### TASK STATEMENT
For the data below, retype word for word the lines from the one containing "County Forest Winter Pano 1.jpg" through the one containing "Victorian terraced houses"; drop the pictures.

### SOURCE MATERIAL

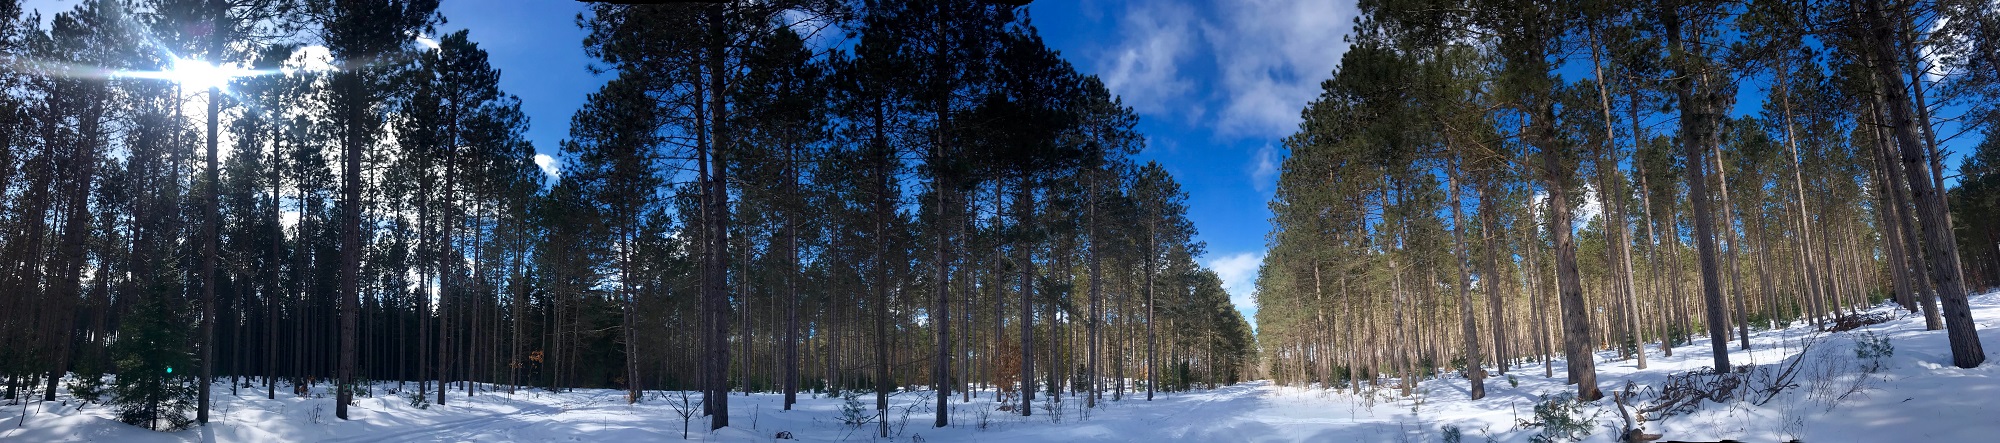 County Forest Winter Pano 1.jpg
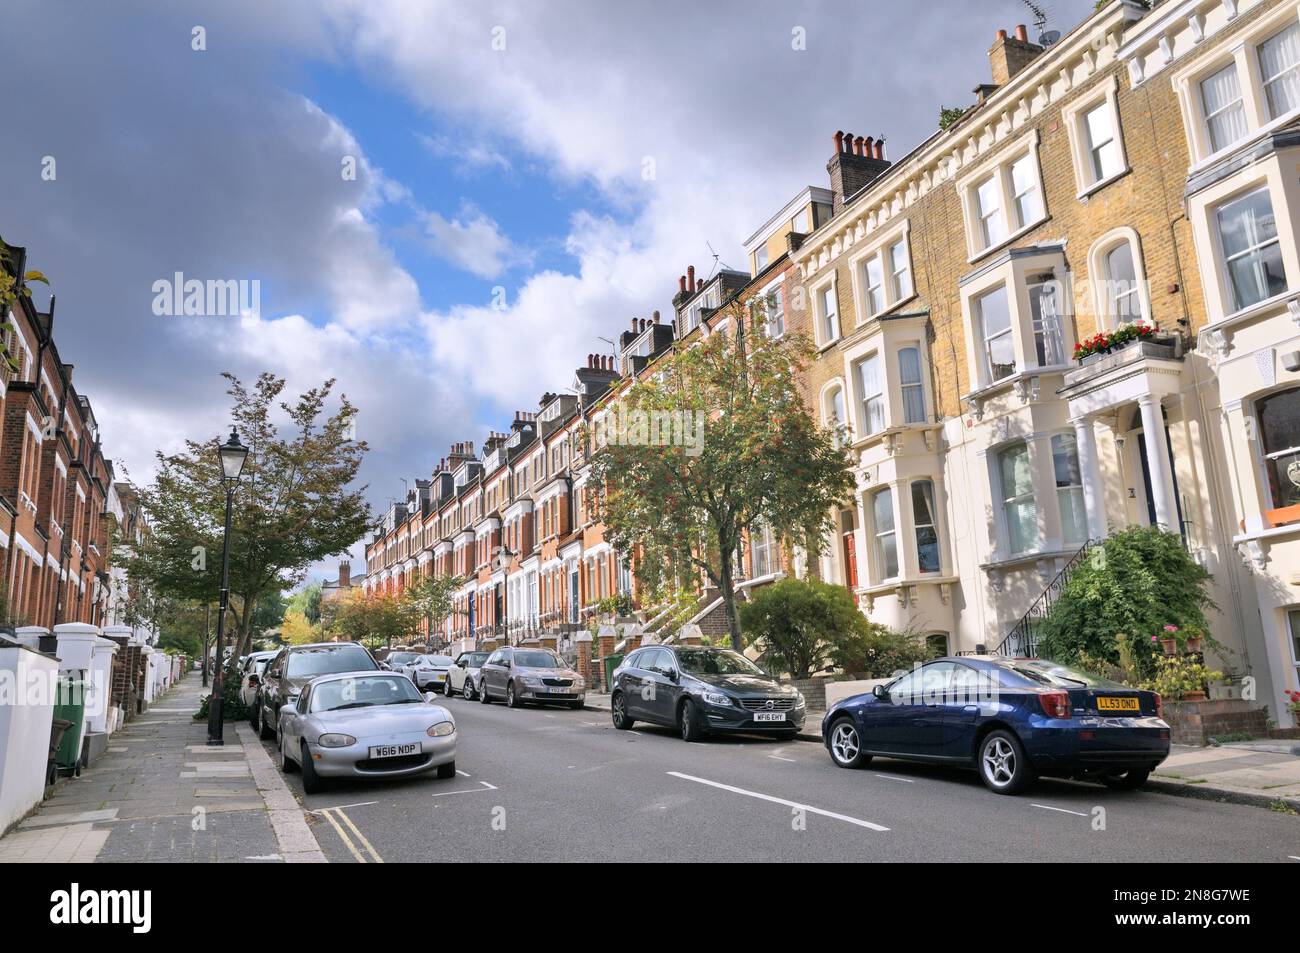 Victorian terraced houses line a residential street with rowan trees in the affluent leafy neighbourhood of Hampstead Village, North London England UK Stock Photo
==
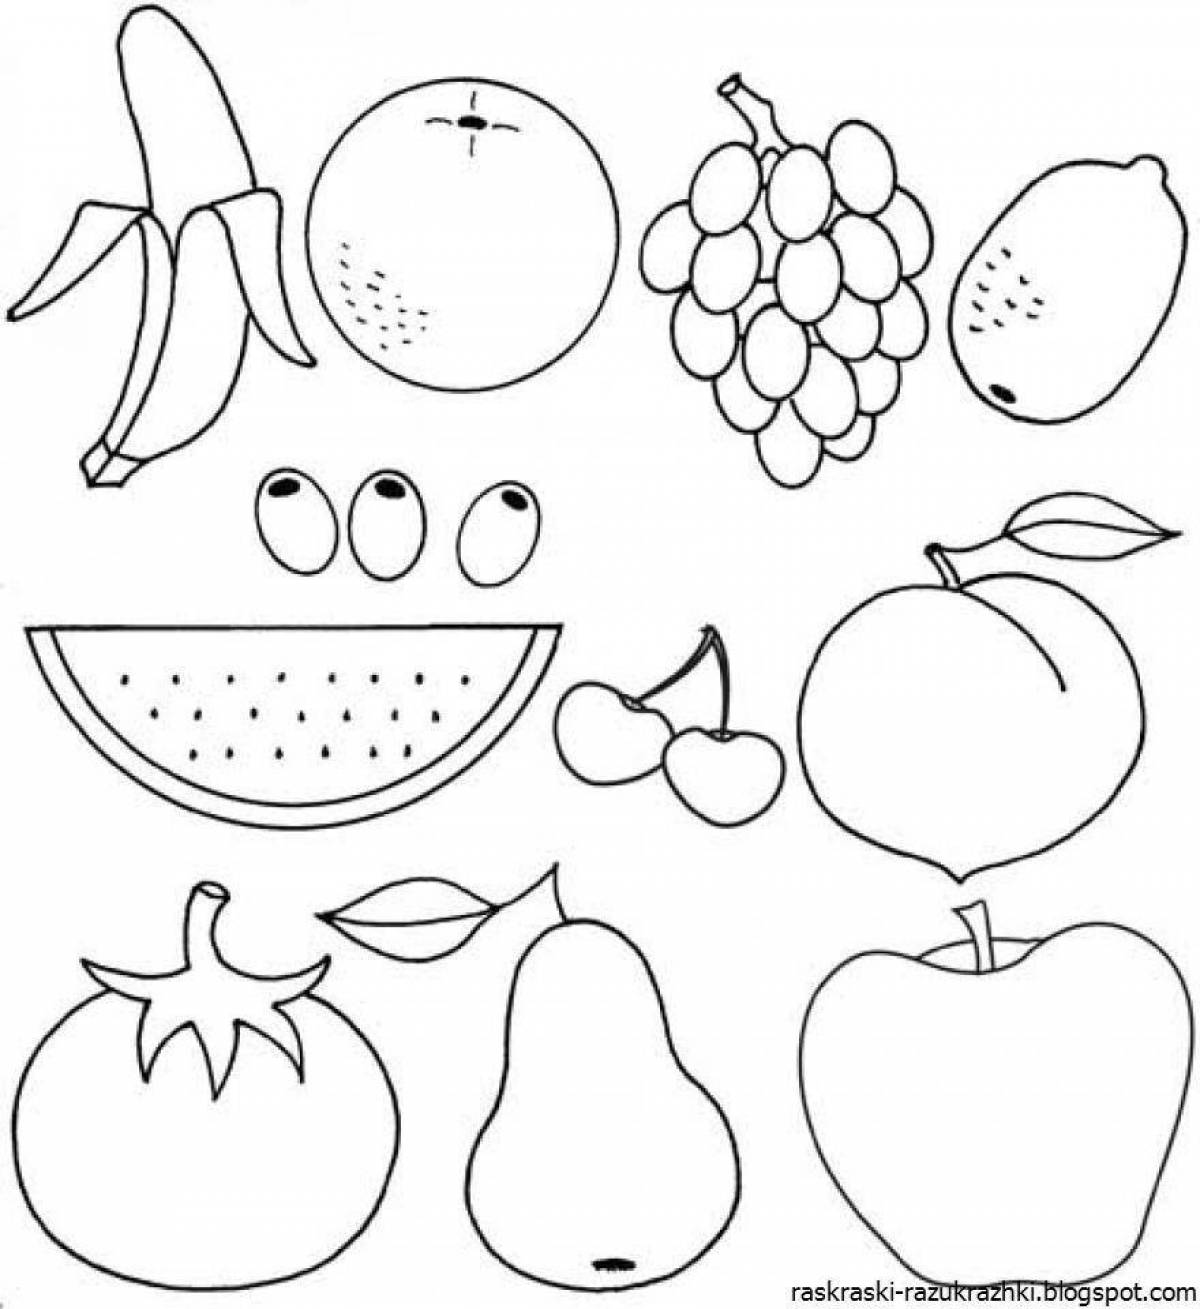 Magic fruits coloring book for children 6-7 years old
* * *
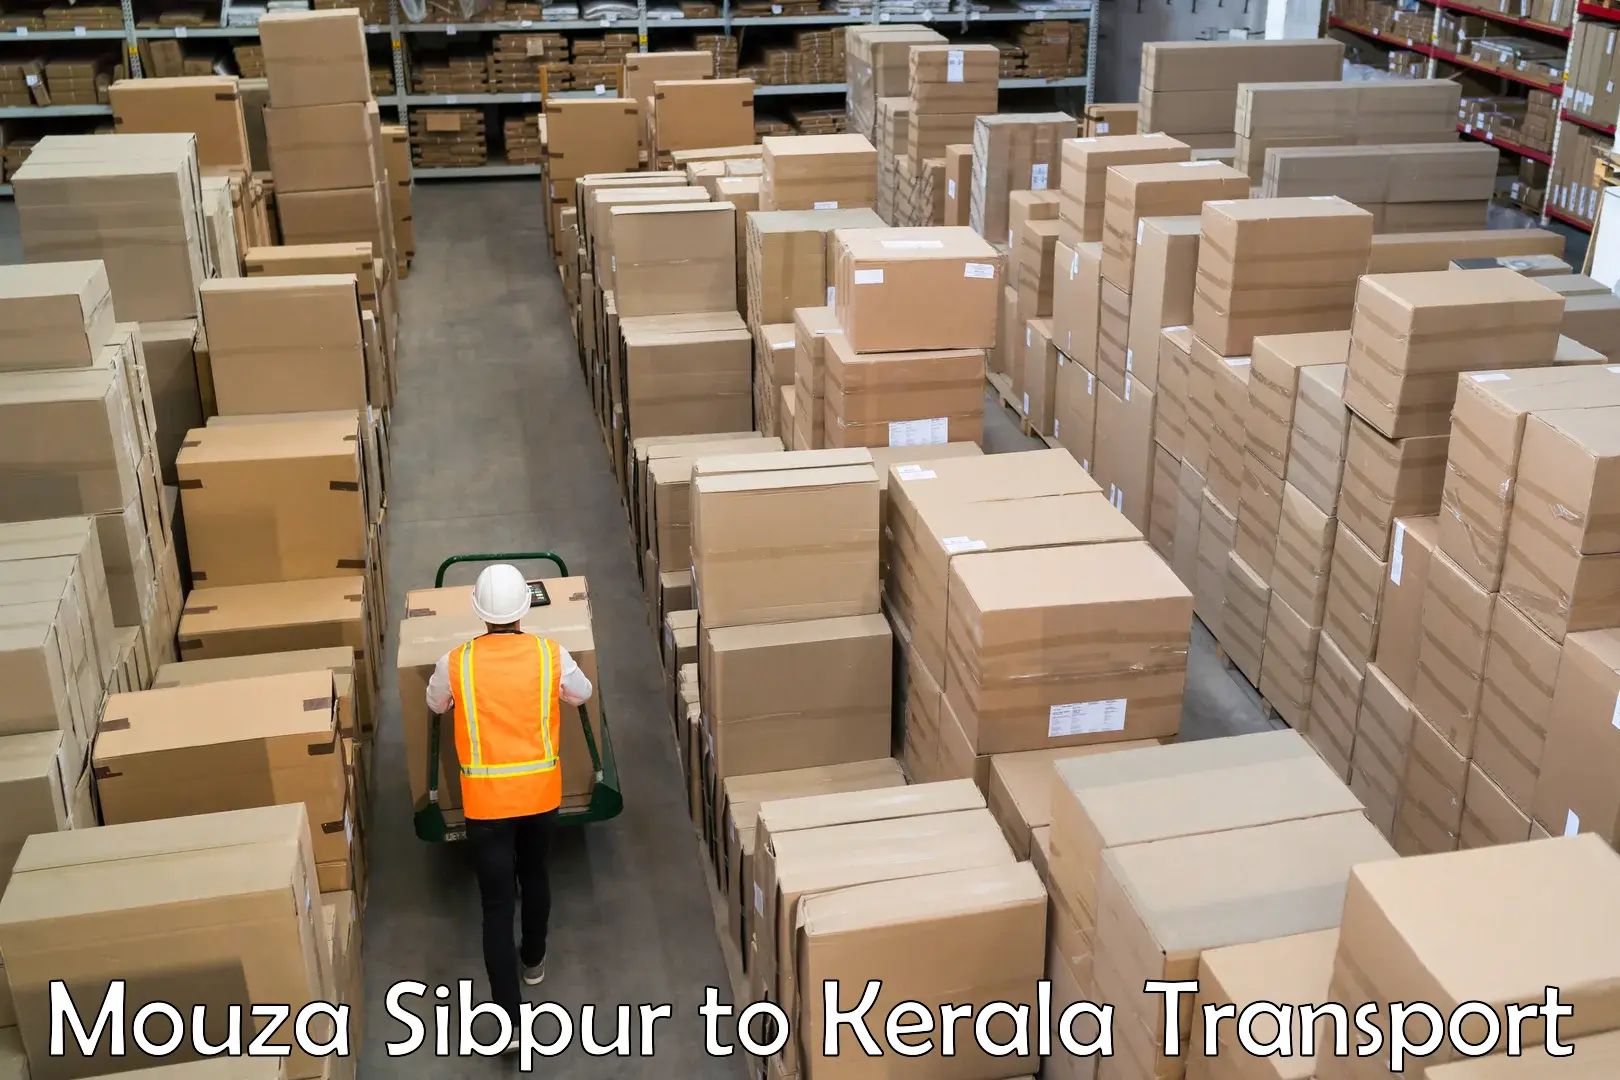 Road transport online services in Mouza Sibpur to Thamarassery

### ANSWER BOX
 County Forest Winter Pano 1.jpg
 Victorian terraced houses line a residential street with rowan trees in the affluent leafy neighbourhood of Hampstead Village, North London England UK Stock Photo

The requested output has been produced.